SRN – Should I follow the crowd? by Canamares and Castells from SIGIR’18

It’s time for Sunday Reading Notes again. This past week I have been reading the paper ‘Should I Follow the Crowd? A Probabilistic Analysis of the Effectiveness of Popularity in Recommender Systems‘ by Rocio Canamares and Pablo Castells. It won the best paper award at SIGIR 2018!

Current state of the art recommender systems tend to recommend popular items to their users. As the paper points out in its abstract:

The fundamental questions remains open though whether popularity is really a bias we should avoid or not, whether it could be a useful and reliable signal in recommendation, or it may be unfairly rewarded by the experimentation biases.

This paper is concerned with un-personalized recommendations evaluated in off-line experiments. The dataset consists of rated items only and is randomly split into training and test. The ratings takes binary values (positive rating / negative rating). For every item, popularity is defined in terms of number of positive ratings, which is different from average rating. In order to make recommendations, we want to measure ‘relevance‘, which is a binary random variable and res(i) = 1 if the user likes item i. From this set-up, we have pop(i) \sim p(rel,rate|i) and avg(i) \sim p(rel|rate,i). But we cannot directly measure p(rel|i).

The author uses the metric ‘expected precision’ as the metric for recommendations and emphasizes that true precision (cannot be measured from offline experiments) is different from observed precision (measured with rating from the test set). The authors find the optimal ranking function for both true precision and observed precision. Using relevance optimizes the true precision : f(i) = p(rel|i)\frac{1-\rho p(rated|rel,i)}{1-\rho p(rated|i)} is the optimal ranking function for \mathbb{E}[P@1|f], and as a result of experimental design the expected observed precision \mathbb{E}[\hat{p}@1|f] is optimized by \hat{f}(i) \sim p(rel|i)\frac{p(rated|rel,i)}{1-\rho p(rated|i)}. As we can see, popularity has advantage in optimizing the expected observed precision.

Because customers have a tendency to rate items that they like, the rating information is not missing at random. To understand rated given relevance and item, the authors gives two simple conditions: conditional item independence and conditional relevance independence.

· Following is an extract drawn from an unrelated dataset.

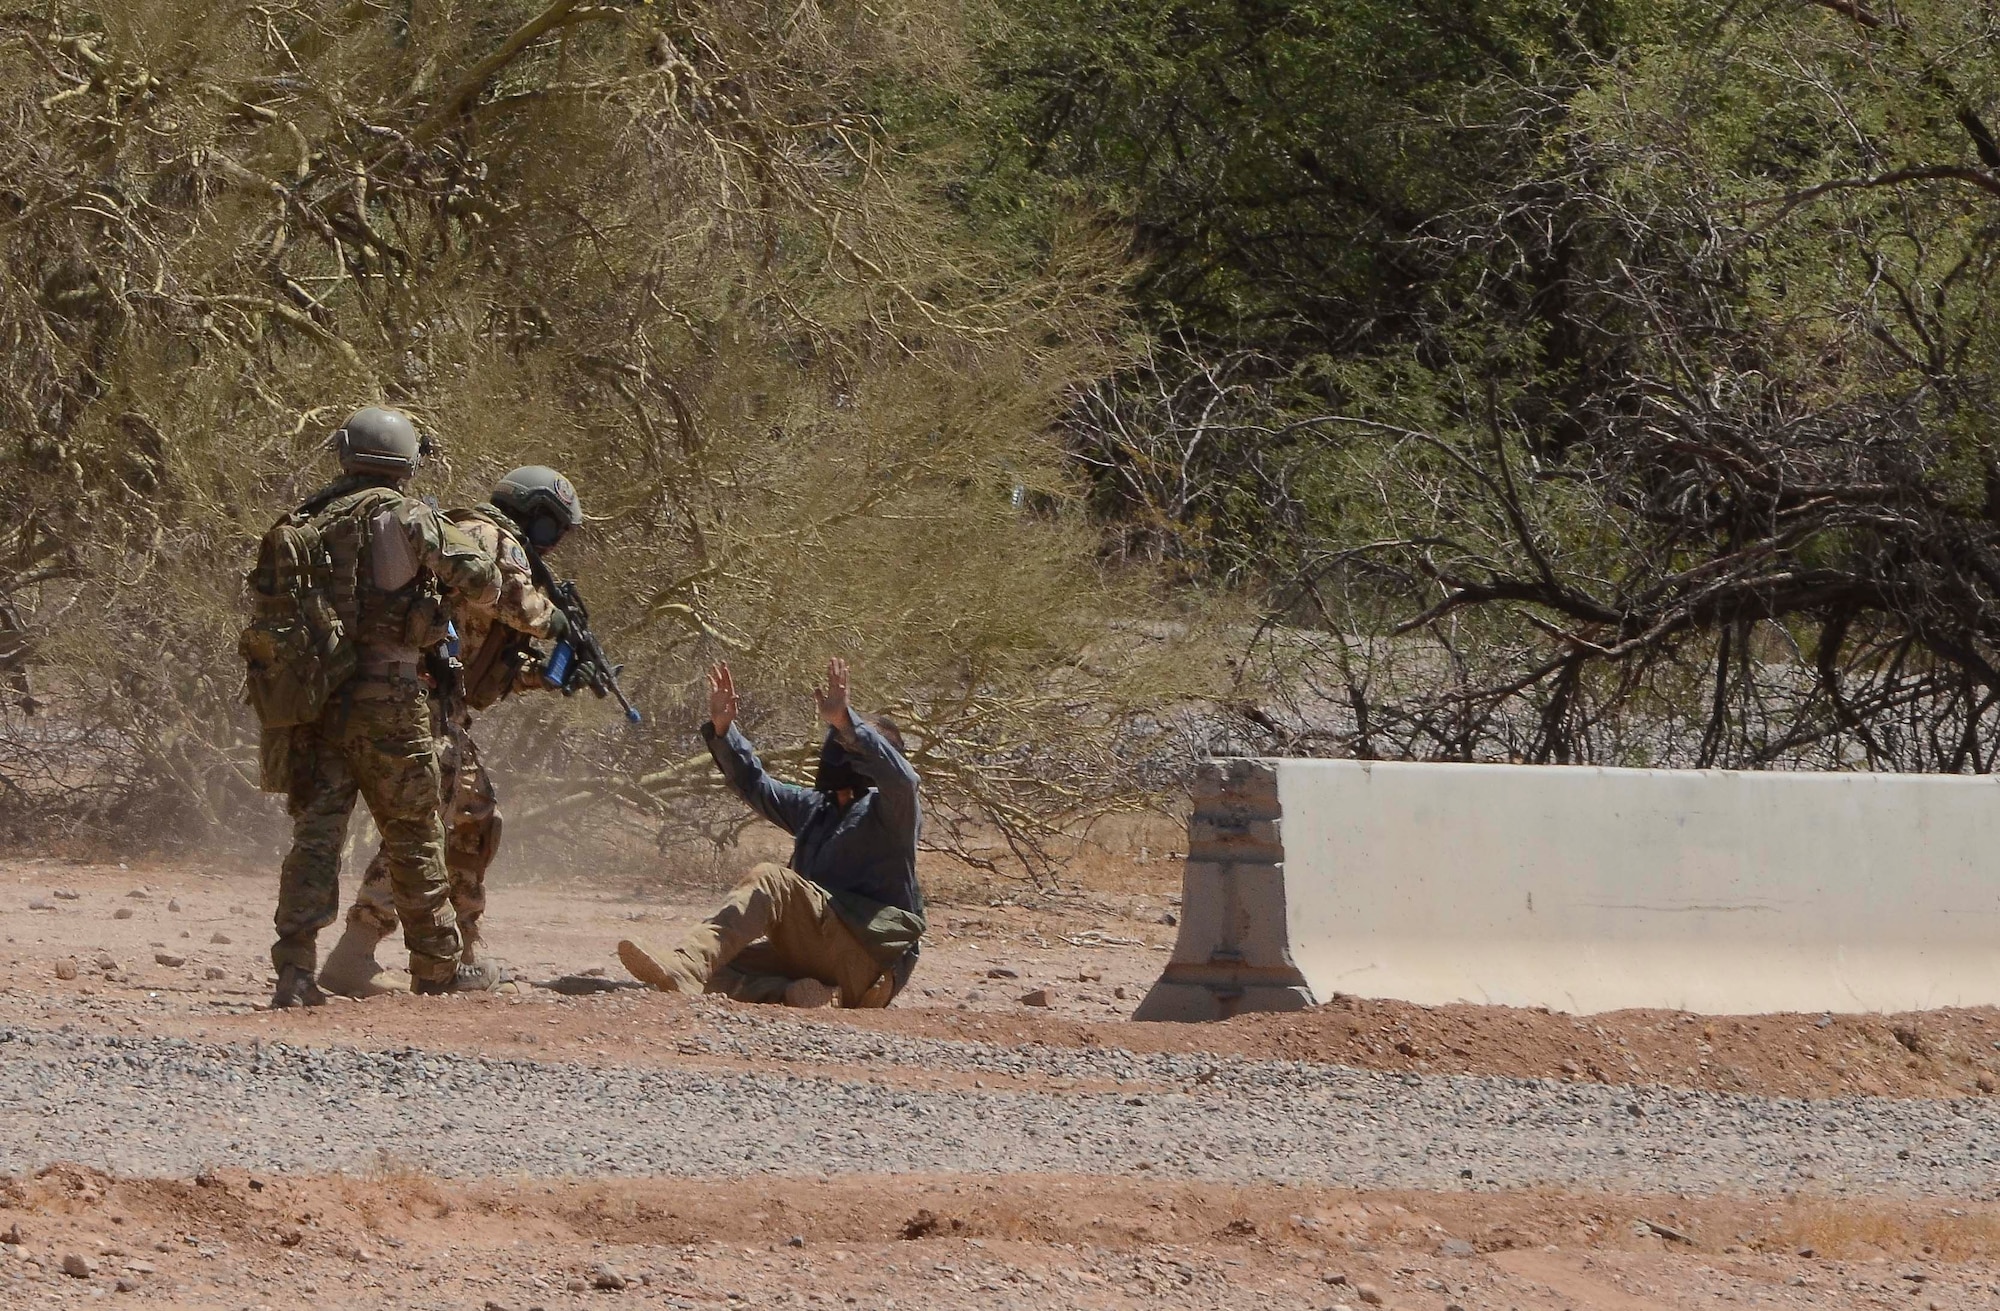 A Combat Search and Rescue team capture an opposition force member at training site during a training mission in Exercise ANGEL THUNDER on May 16, 2014 at the Florence Military Reservation, Ariz. ANGEL THUNDER 2014 is the largest and most realistic joint service, multinational, interagency combat search and rescue exercise designed to provide training for personnel recovery assets using a variety of scenarios to simulate deployment conditions and contingencies. Personnel recovery forces will train through the full spectrum of personnel recovery capabilities with ground recovery personnel, air assets, and interagency teams. (U.S. Air Force photo by Staff Sgt. Adam Grant/Released)
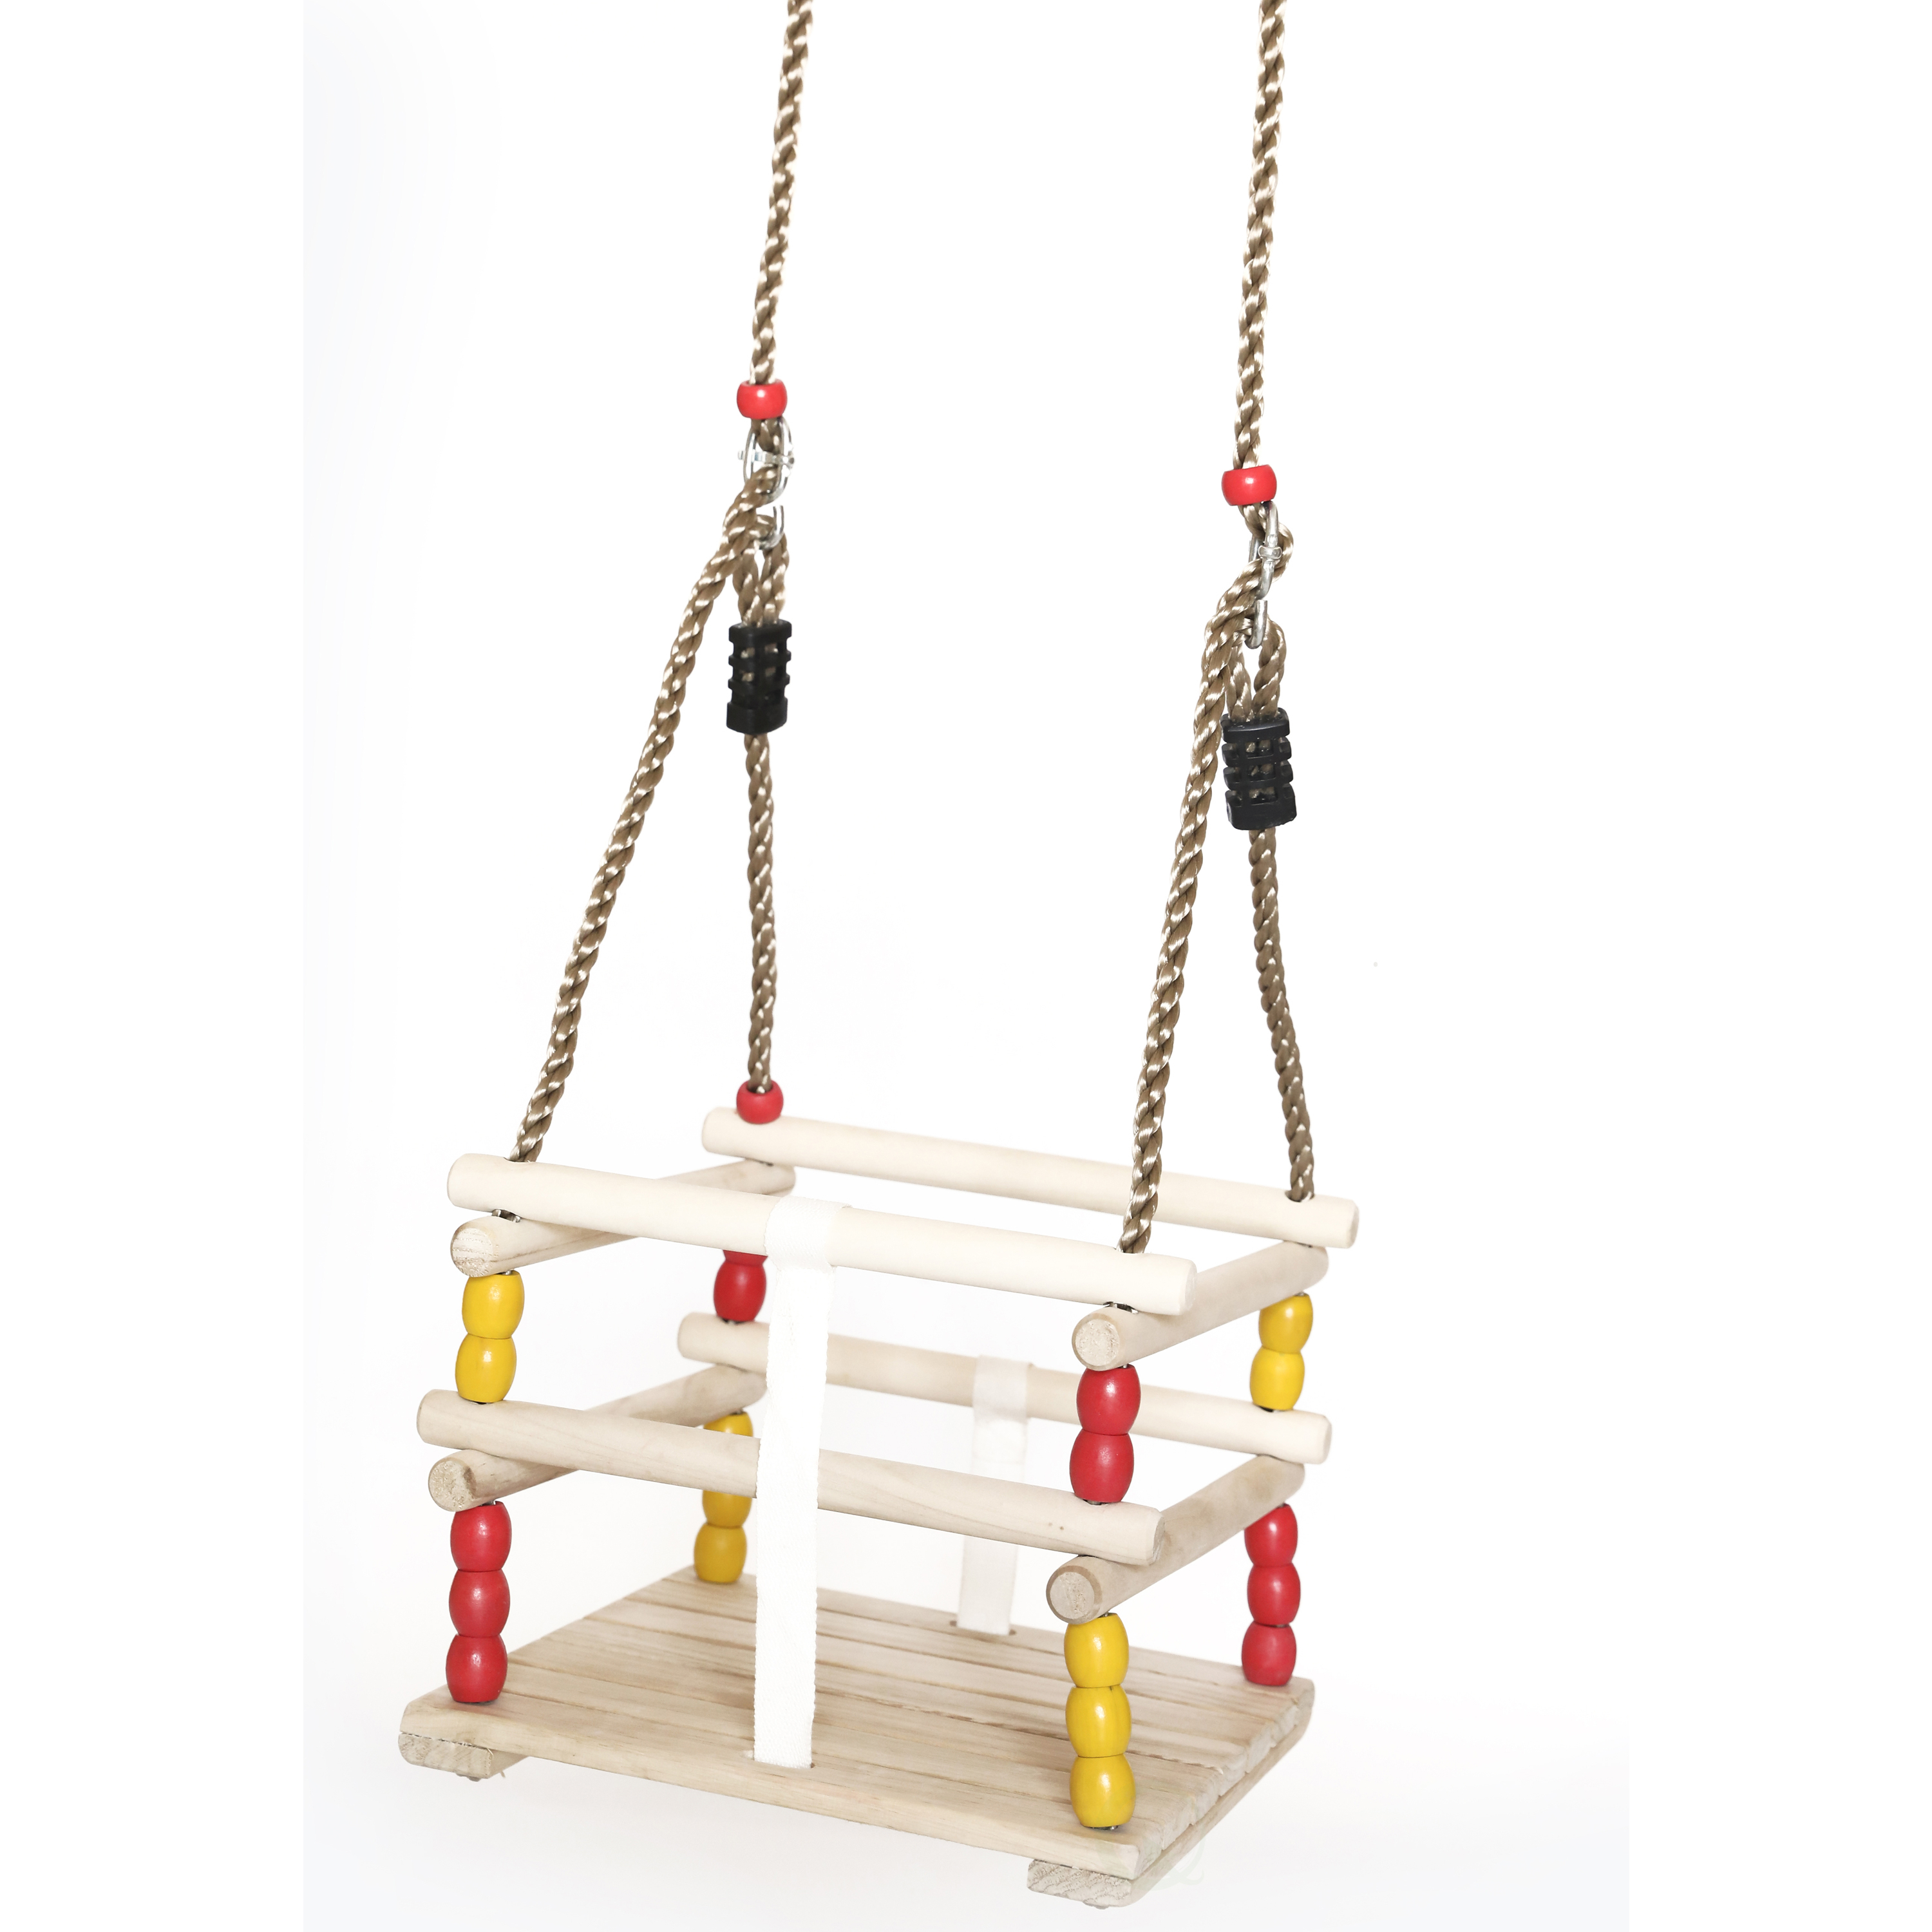 Wooden Baby Swing With Hanging Ropes, For Babies And Toddlers

Under both conditions, using pop(i) optimizes the expected observed precision and using avg(i) optimized the expected true precision.

Because we can only measure the expected observed precision with offline experiments and because popularity has advantage optimizing \mathbb{E}(\hat{P}@1), the current recommender systems that are based on offline evaluations favors popularity. Although not all recommender systems are designed the same way as described in this paper, I believe this elegant framework provides intuitions because the ‘popularity of popularity’.

Acknowledging that a user can rate an item only if he or she has bought the item, the authors further consider ‘discovery bias’, because rating depends on all of relevance, discovery and item. This dependencies are characterized in Figure 2 from the paper.

Screen Shot 2018-08-26 at 4.37.58 PM.png

In a realistic senario, our data should fall into category 4 – ‘no assumption’. In this case the expected precision can be approximated with Monte Carlo integration.

The key results and experiment are summaries in Table 1 and Figure 5 in the paper.

Screen Shot 2018-08-26 at 4.42.49 PMScreen Shot 2018-08-26 at 4.42.26 PM

Besides the probability based framework, what I really like about this paper is that the authors designed and collected a crowdsourced dataset that makes real data experiments of relevance-independent discovery and item-independent discovery possible. After reading going through the math and the experiments, I feel quite convinced that

average rating may be in fact a better, safer, more robust signal than the number of positive ratings in terms of true achieved accuracy in most general situations.

Although the metric \mathbb{E}(P@1|R) seems too simple because essentially it is like we can only recommend one item to a user, it is a good and tractable measure to start with. The authors suggest that it empirically consistently generalize other metric such as nDCG@k. However I am not sure how much I would agree with this point, because nDCG@k cares much beyond the top ranked item.

Overall I really like this paper and I think it touches many fundamental problems in popularity bias and provides enough mathematical clairty. I wonder if this paper suggests we should do more online experiments for recommender systems because true accuracy cannot be measured with offline experiments. I am also eager to see what the author has to say about temporal data splitting. Lastly I hope the authors talk about what we should do with the very common ‘5-star’ rating system.



  1. Rocío Cañamares and Pablo Castells. 2018. Should I Follow the Crowd? A Prob- abilistic Analysis of the Effectiveness of Popularity in Recommender Systems. In Proceedings of ACM SIGIR ’18, July 8–12, 2018, Ann Arbor, MI, USA.
    ACM, NY, NY, USA, 10 pages.